La critique que l’on entend sur la multiplication des éoliennes dans nos paysages doit également être entendue. La France a la chance d’avoir fait tôt le pari du nucléaire, une source d’énergie infiniment plus productive et moins coûteuse que l’éolien.
En matière esthétique, le nerf de la guerre n’est pas toujours l’argent car des bâtiments très coûteux peuvent être ratés sur le plan esthétique. La sobriété inspirée est souvent la marque du talent. Cependant, il ne faut pas nier que, souvent, la dégradation de l’esthétique urbaine tient à des économies de bouts de chandelle qui font basculer un bâtiment du satisfaisant au médiocre ou du réussi au seulement satisfaisant. En ce domaine, l’Etat doit aider les collectivités.
Dans les opérations d’urbanisme, pour négocier les prix du foncier, les élus locaux n’ont plus en effet à traiter aujourd’hui avec un Etat, mais différents ministères, ou des avatars de la puissance publique, comme la SNCF. Chacune de ses administrations ou démembrement de la puissance publique pense à la valorisation maximale de ses terrains, avant la prise en considération de l’intérêt général.
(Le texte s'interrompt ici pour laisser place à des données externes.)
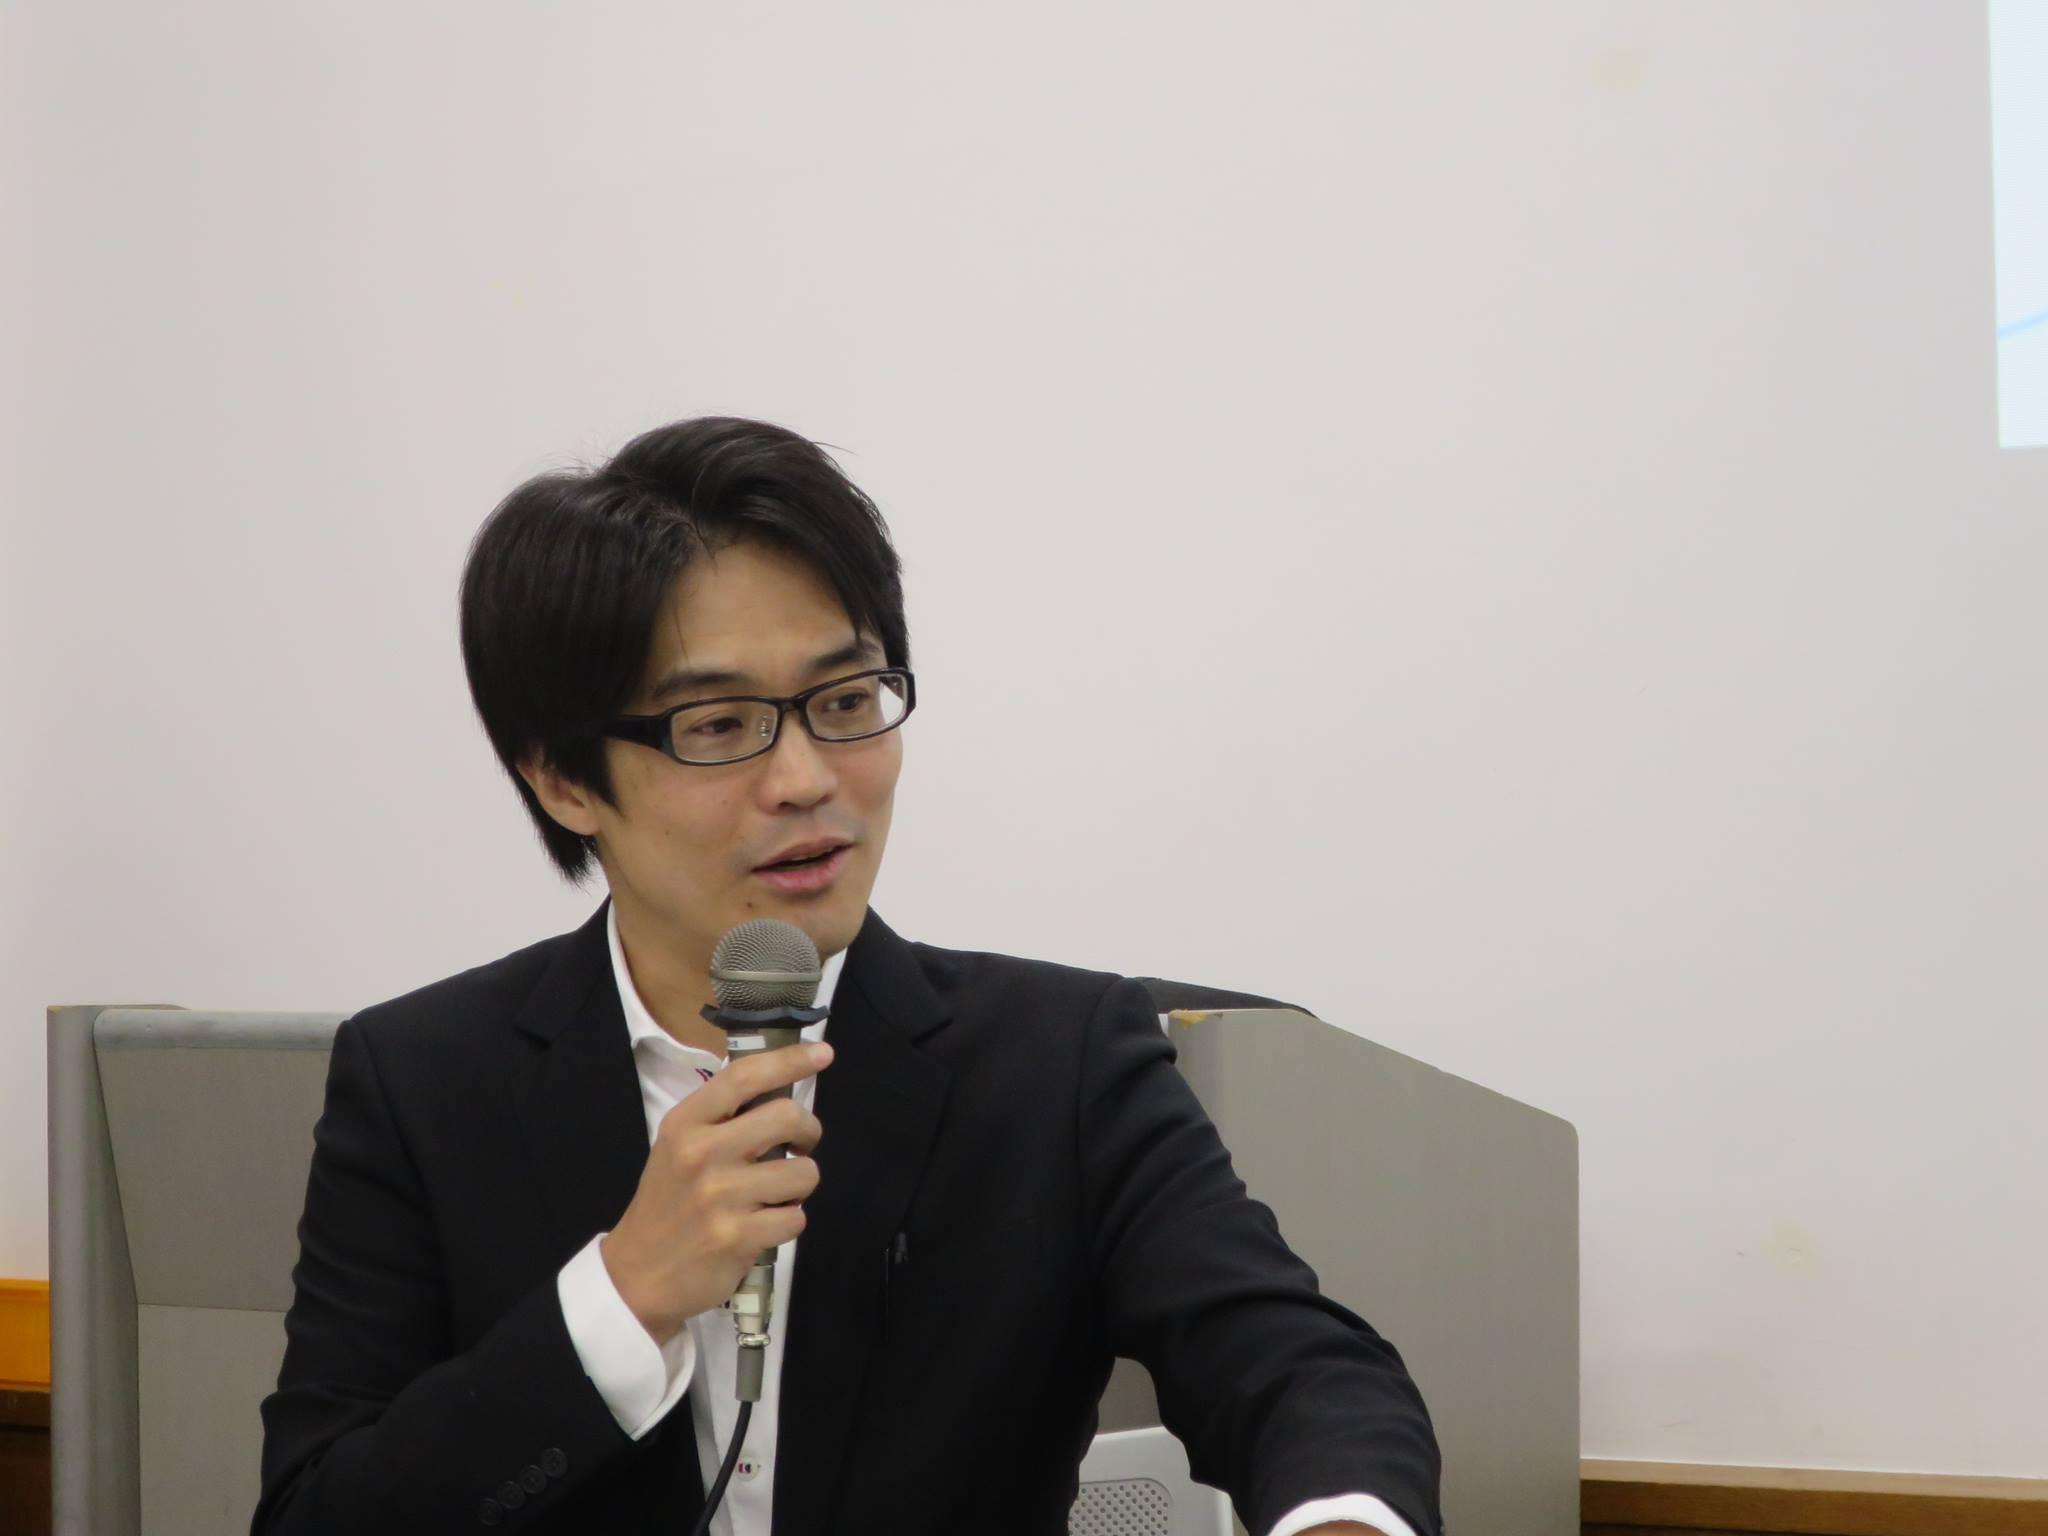 シャプラニールの菅原伸忠ダッカ事務所長
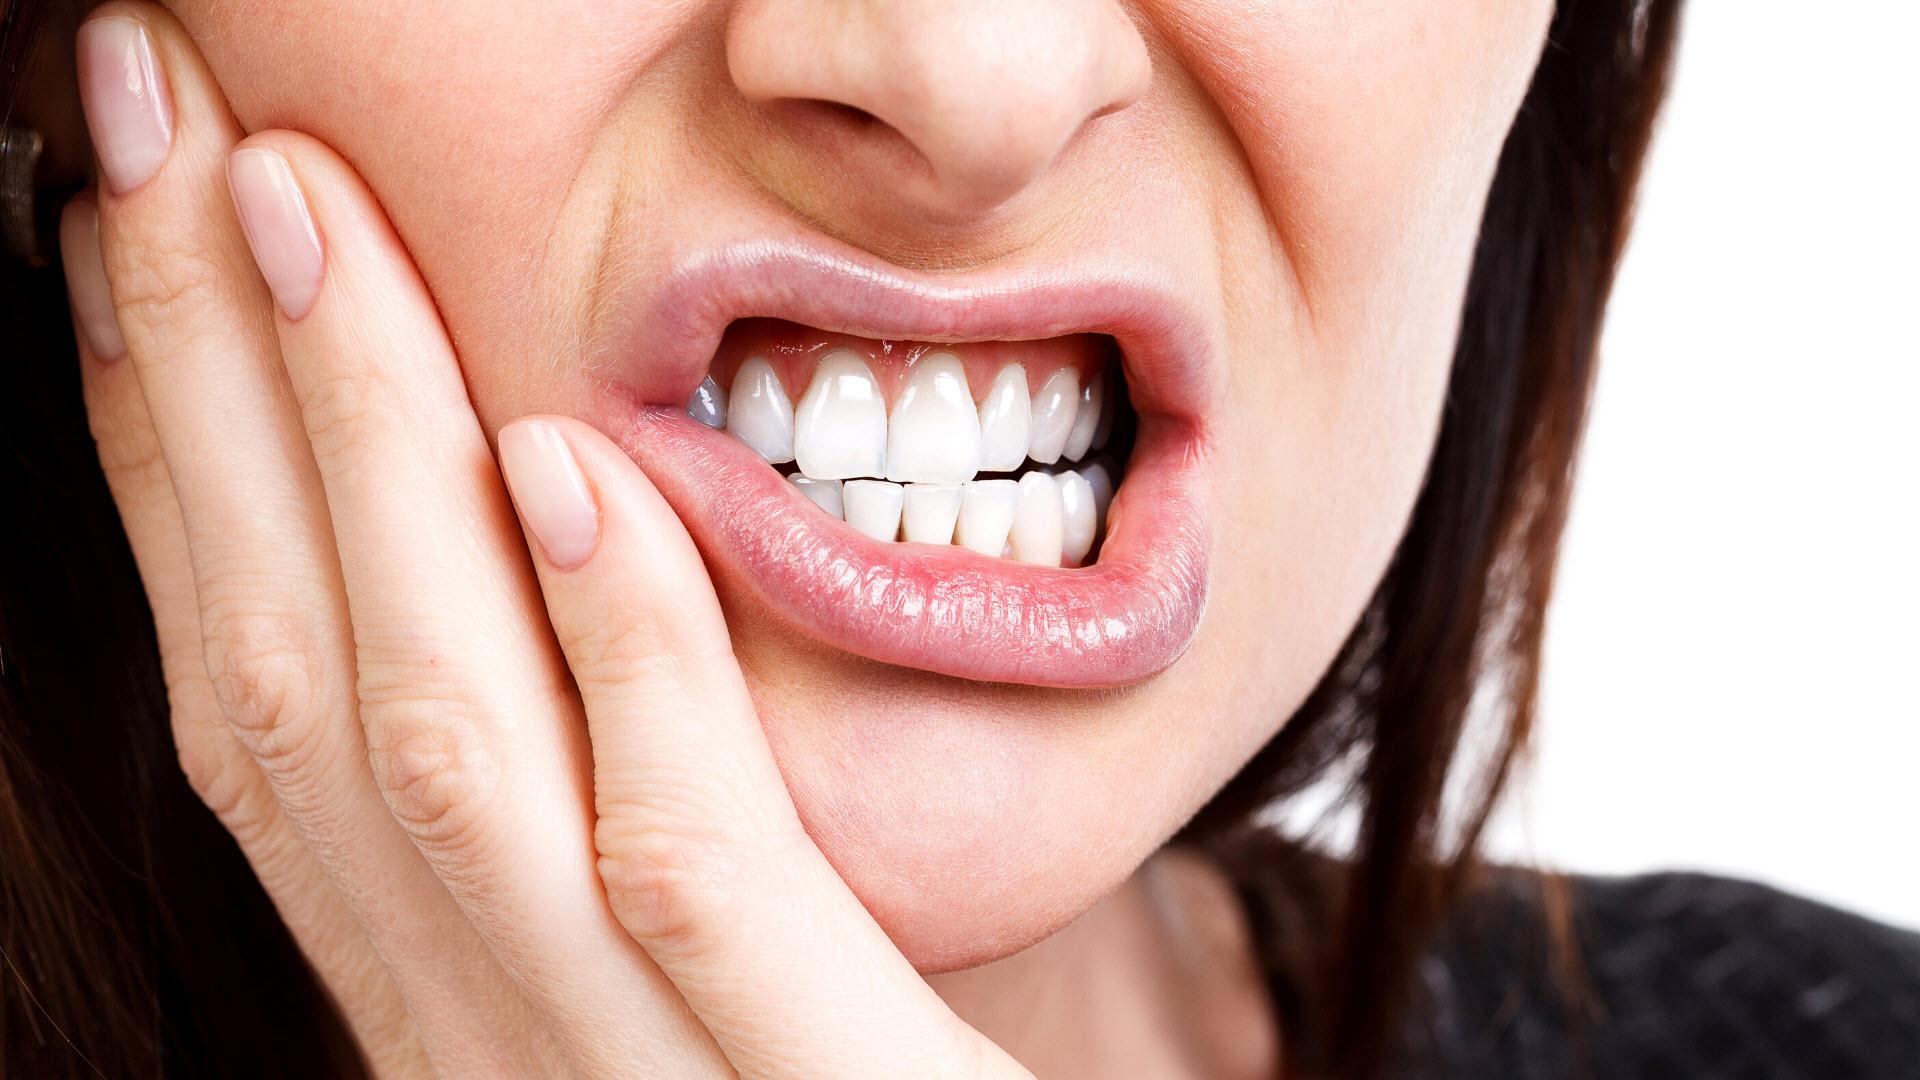 Odontovida Cali – Atendemos Urgencias Odontológicas 24 Horas en Cali

Les services du Domaine dépendant du ministère du Budget entretiennent pour leur propre ministère cette course à la valorisation maximale, refusant même les injonctions faites pour favoriser le logement social. Il s’ensuit une flambée des prix. Or, la survalorisation de certains sites entraîne une surdensité de la construction et l’utilisation de matériaux médiocres.
De même, il est temps de revaloriser, dans les écoles d’architecture, la sensibilisation au patrimoine. Si la France a effectivement subi quelques graves dommages ces dernières décennies, c’est aussi parce que cette prise en compte de l’histoire des lieux, cette sensibilisation à l’entretien et la rénovation de l’existant, n’est faite ni dans le cursus scolaire de nos enfants – ce qui est le cas, par exemple, en Italie – ni, ou du moins très peu, dans nos écoles d’architecture. Là serait une mission utile de l’Etat.
Le vrai équilibre qui préservera la beauté de nos villes, n’est donc pas à chercher dans une nouvelle phase de recentralisation mais dans un équilibre bien compris entre pouvoir laissé aux élus locaux et un contrôle efficace des dérives. Une opportunité s’ouvre aujourd’hui avec la lutte contre le réchauffement climatique pour refondre une esthétique à la fois respectueuse du passé et tournée vers l’avenir, avec une nouvelle esthétique plus sobre et en harmonie avec la nature.